Sanità digitale: una spesa che arriva a 2,47 miliardi di euro

Lo confermano i risultati della ricerca dell’Osservatorio Sanità Digitale del Politecnico di Milano, svolta in collaborazione con AMD, AME, FADOI, Homnya e SIMFER. Nel 2024 gli investimenti in Sanità digitale sono arrivati a 2,47 miliardi di euro (+12% rispetto al 2023), e l’attuazione delle misure del PNRR sta producendo i primi risultati concreti.

Tra questi, la realizzazione delle piattaforme di Telemedicina, oltre alla diffusione di soluzioni per la digitalizzazione degli ospedali e lo sviluppo del Fascicolo Sanitario Elettronico 2.0.
Oggi il 36% dei medici specialisti e il 52% dei Medici di Medicina Generale ha utilizzato servizi di Televisita. E rispettivamente il 30% e il 46%, servizi di Telemonitoraggio.

Un uso ancora sporadico e non strutturato

Tuttavia, si tratta di un utilizzo ancora sporadico e non strutturato. Anche nella comunicazione con il cittadino-paziente si ricorre ancora spesso a strumenti non dedicati all’ambito sanitario. Secondo la ricerca svolta in collaborazione con BVA Doxa, oggi 6 cittadini su 10 utilizzano WhatsApp per comunicare con i loro medici, che mediamente impiegano un’ora al giorno alla gestione di queste comunicazioni.

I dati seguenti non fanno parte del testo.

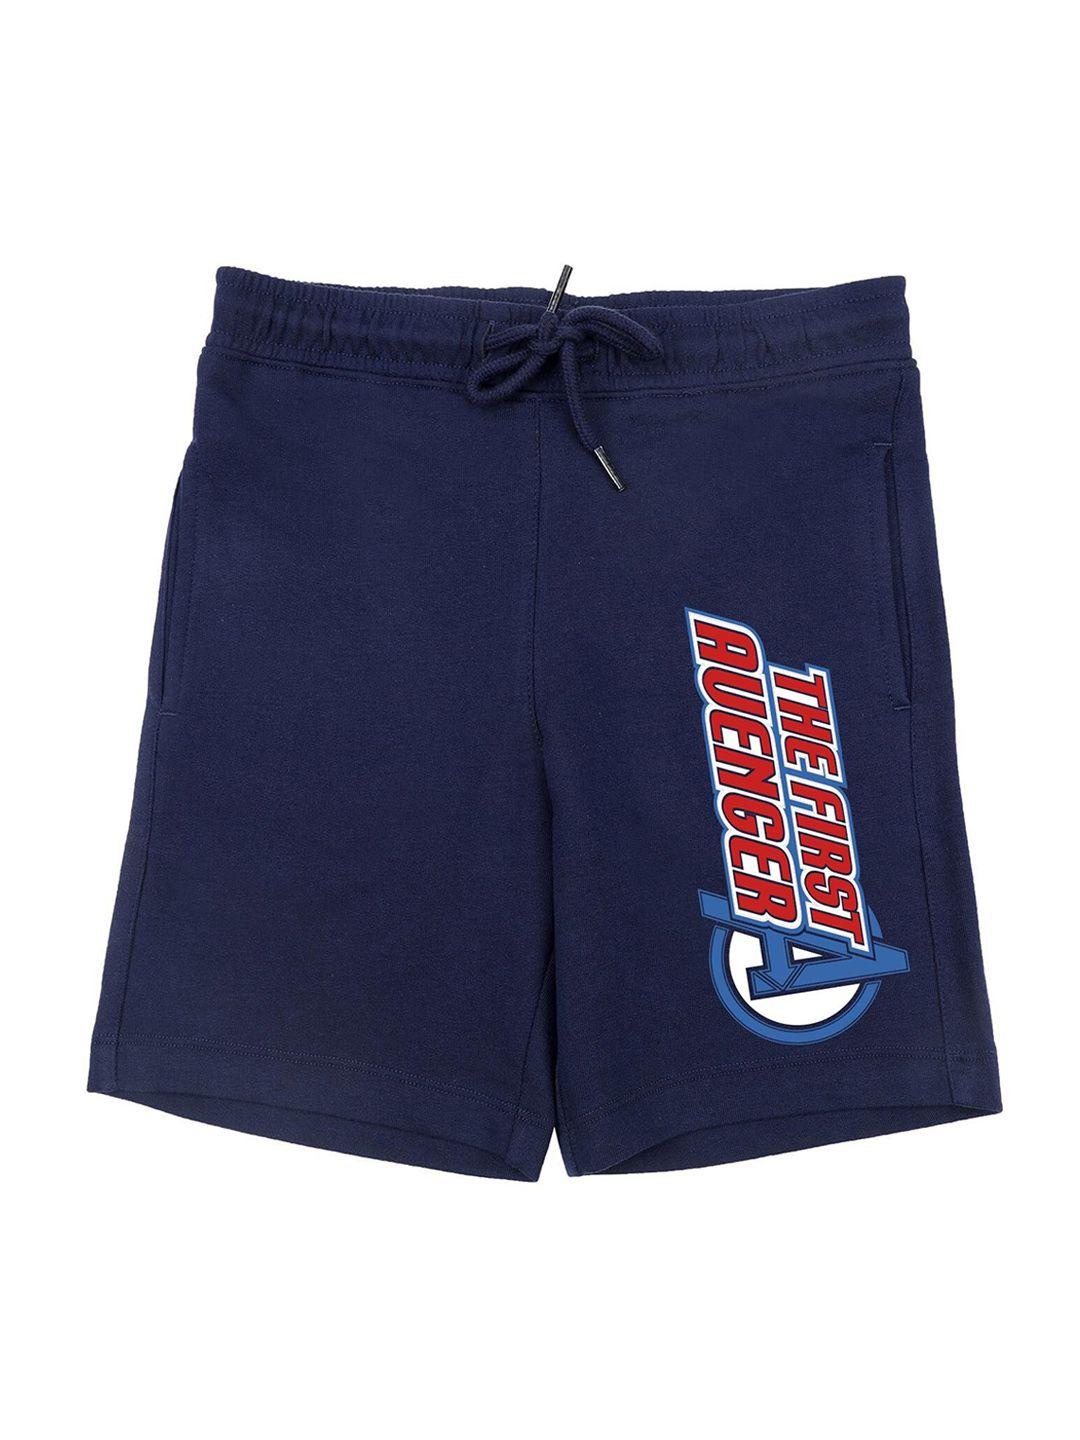 marvel-by-wear-your-mind-boys-navy-blue-graphic-printed-regular-fit-shorts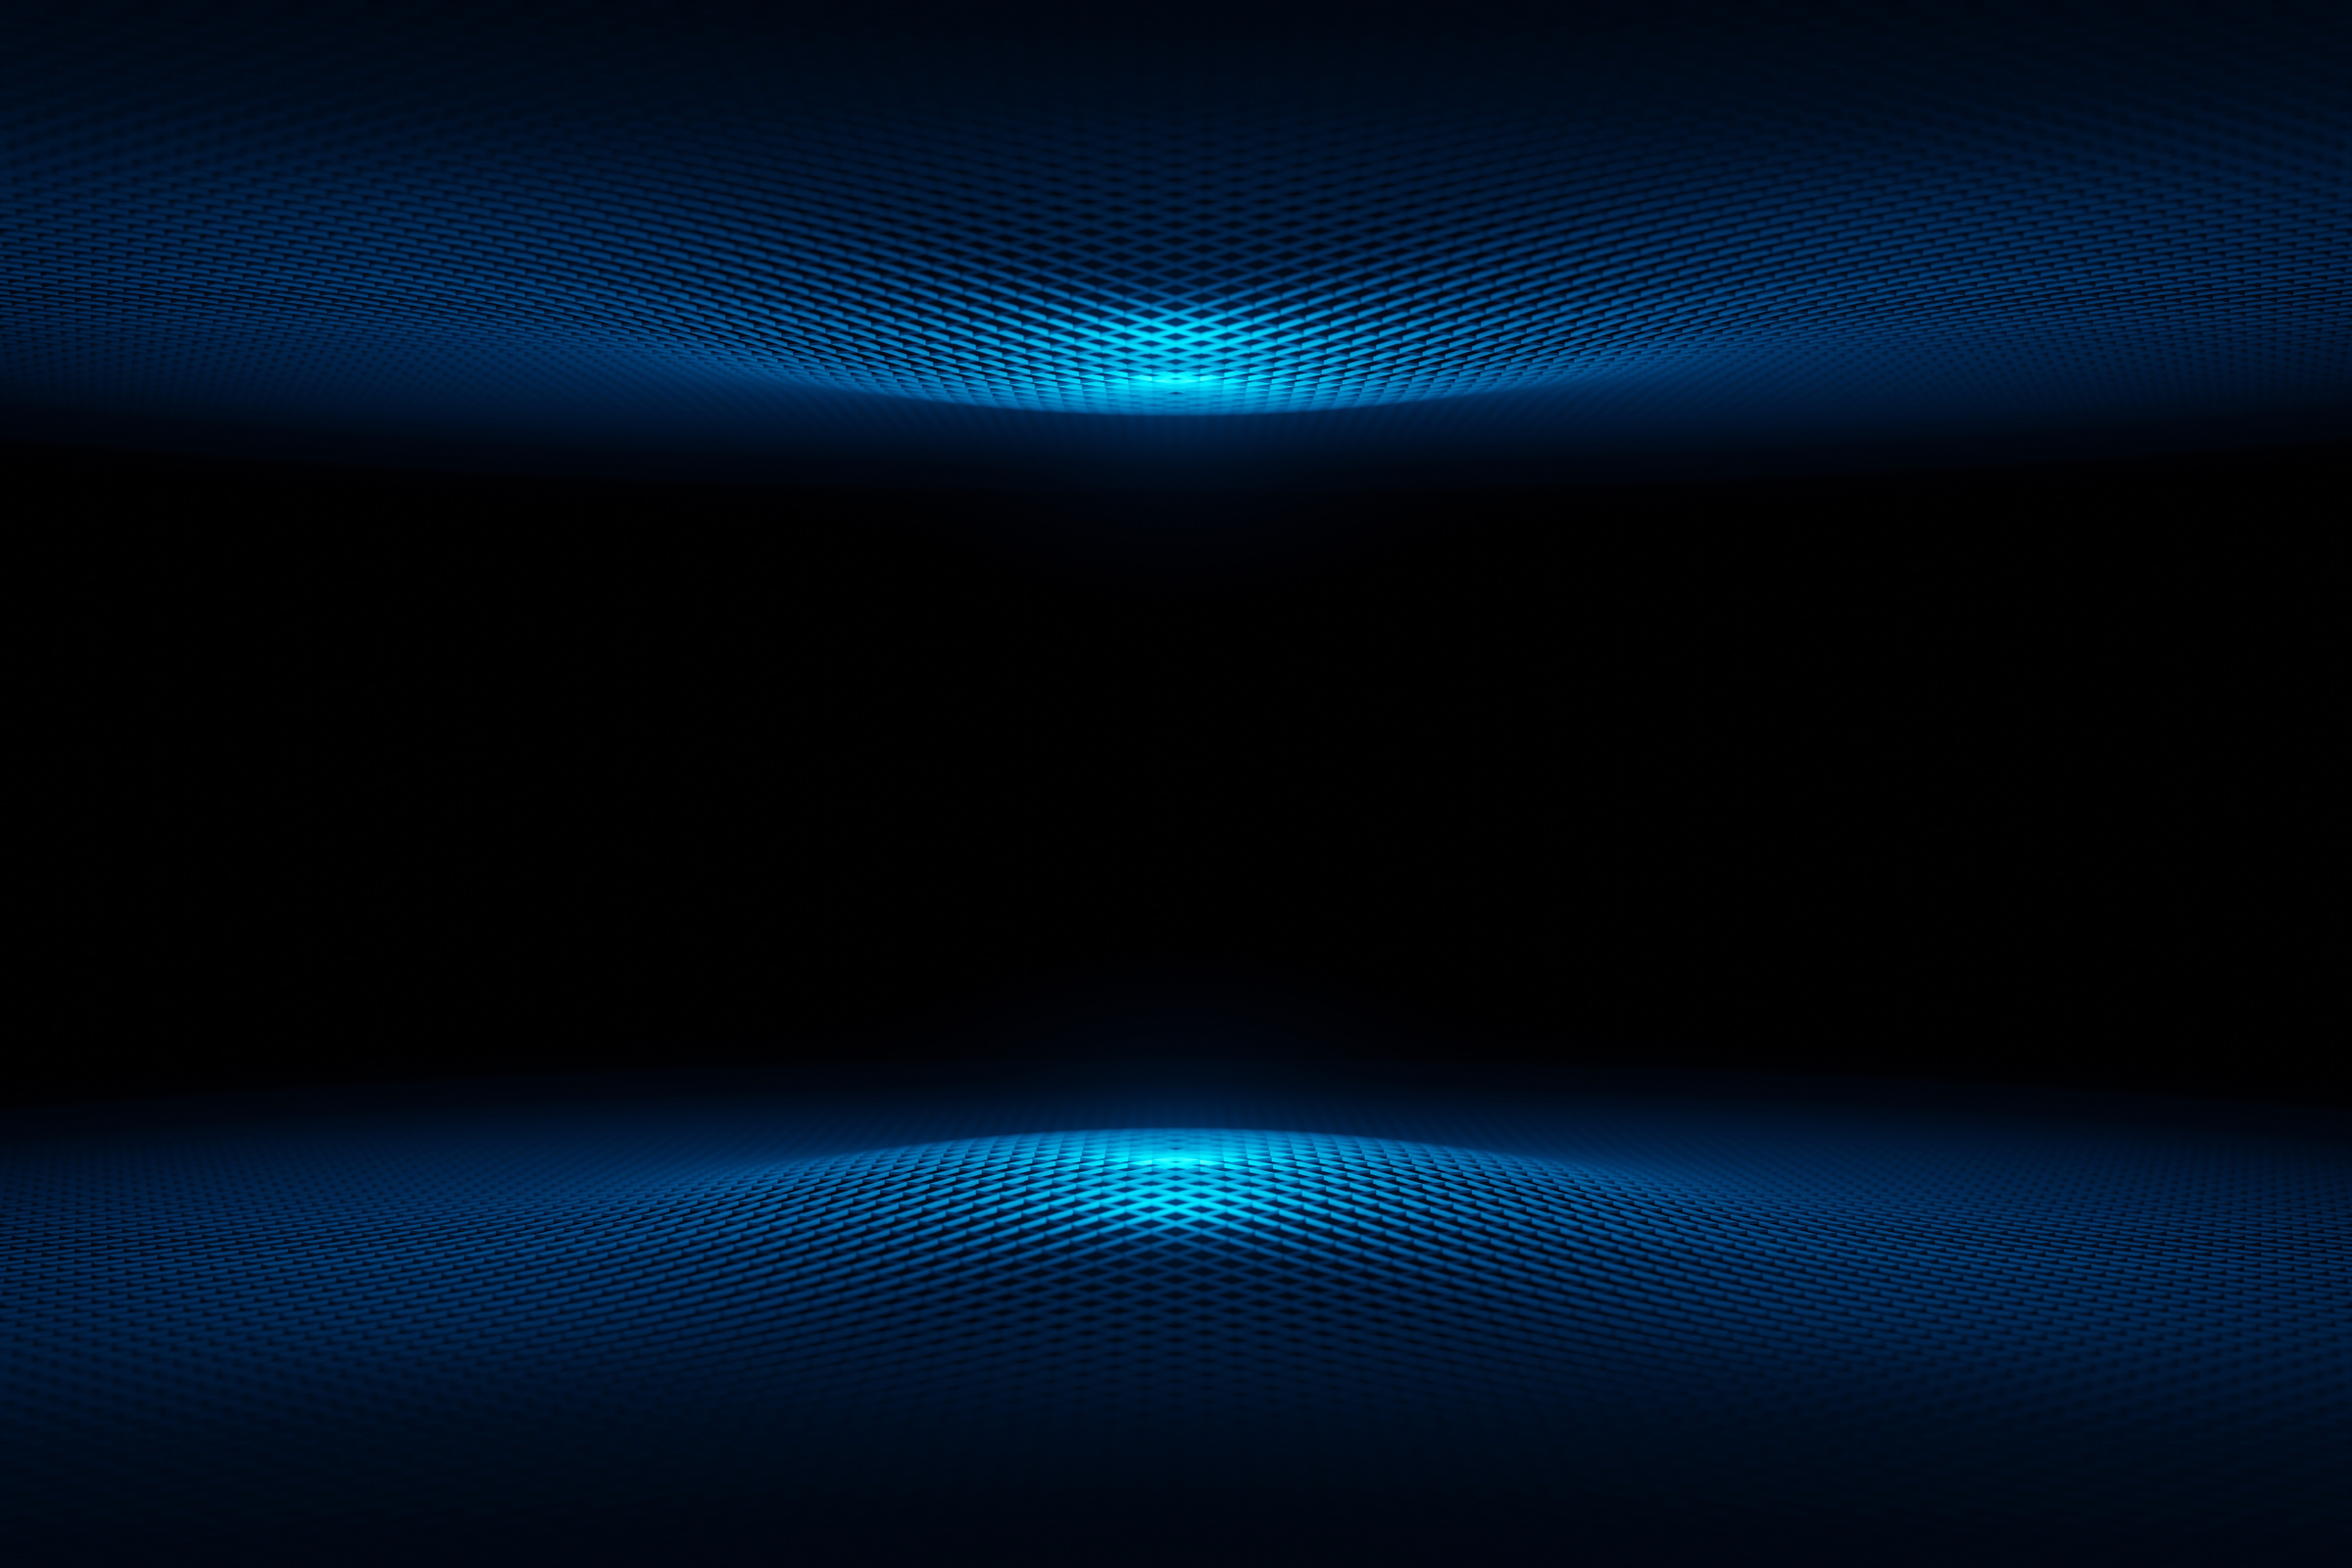 Abstract Futuristic Technology cyber space blue wave background 3d rendering

L’uso strutturato di strumenti di comunicazione dedicati permetterebbe di recuperare complessivamente oltre una settimana lavorativa all’anno per ciascun medico. Il 41% dei cittadini ha già utilizzato il Fascicolo Sanitario Elettronico, e tra questi, la maggior parte (60%) ha dato il consenso al trattamento dei dati, mentre un ulteriore 25% si dice disposto a farlo, soprattutto per poter fornire ai medici una visione completa e aggiornata della storia clinica.

AI e pratica dei processi clinici

Parallelamente, cresce l’adozione dell’AI, il cui impatto sui processi clinici apre nuove opportunità, ma anche interrogativi sulla gestione dei dati e l’integrazione nella pratica quotidiana.

Oggi il 31% dei cittadini ha già utilizzato strumenti di AI generativa e l’11% lo ha fatto in ambito sanitario, in particolare per la ricerca di informazioni su problemi di salute, farmaci e terapie.
Inoltre, il 26% degli specialisti, il 46% dei Medici di Medicina Generale e il 19% degli infermieri ne ha fatto uso, anche se quasi sempre utilizzando piattaforme generaliste e non dedicate all’uso clinico.

“Disequilibrio tra bisogni, aspettative e capacità di risposta”

“Nell’ultimo anno si sono registrati importanti sviluppi nell’attuazione del PNRR in ambiti strategici come la Telemedicina, la digitalizzazione degli ospedali, il Fascicolo Sanitario Elettronico 2.0, l’Intelligenza Artificiale in Sanità – dichiara Mariano Corso, Responsabile Scientifico dell’Osservatorio -. Ma i risultati non bastano a poterne raccogliere i frutti. La pressione sul sistema sanitario non si è attenuata, l’invecchiamento della popolazione, l’elevata incidenza delle cronicità e il fabbisogno di long-term care mettono in luce un disequilibrio tra bisogni, aspettative e capacità di risposta. L’uso delle tecnologie digitali in ambito sanitario deve tendere a una trasformazione più radicale dei processi di cura e assistenza – aggiunge Corso – che bilanci efficienza, efficacia e soddisfazione”.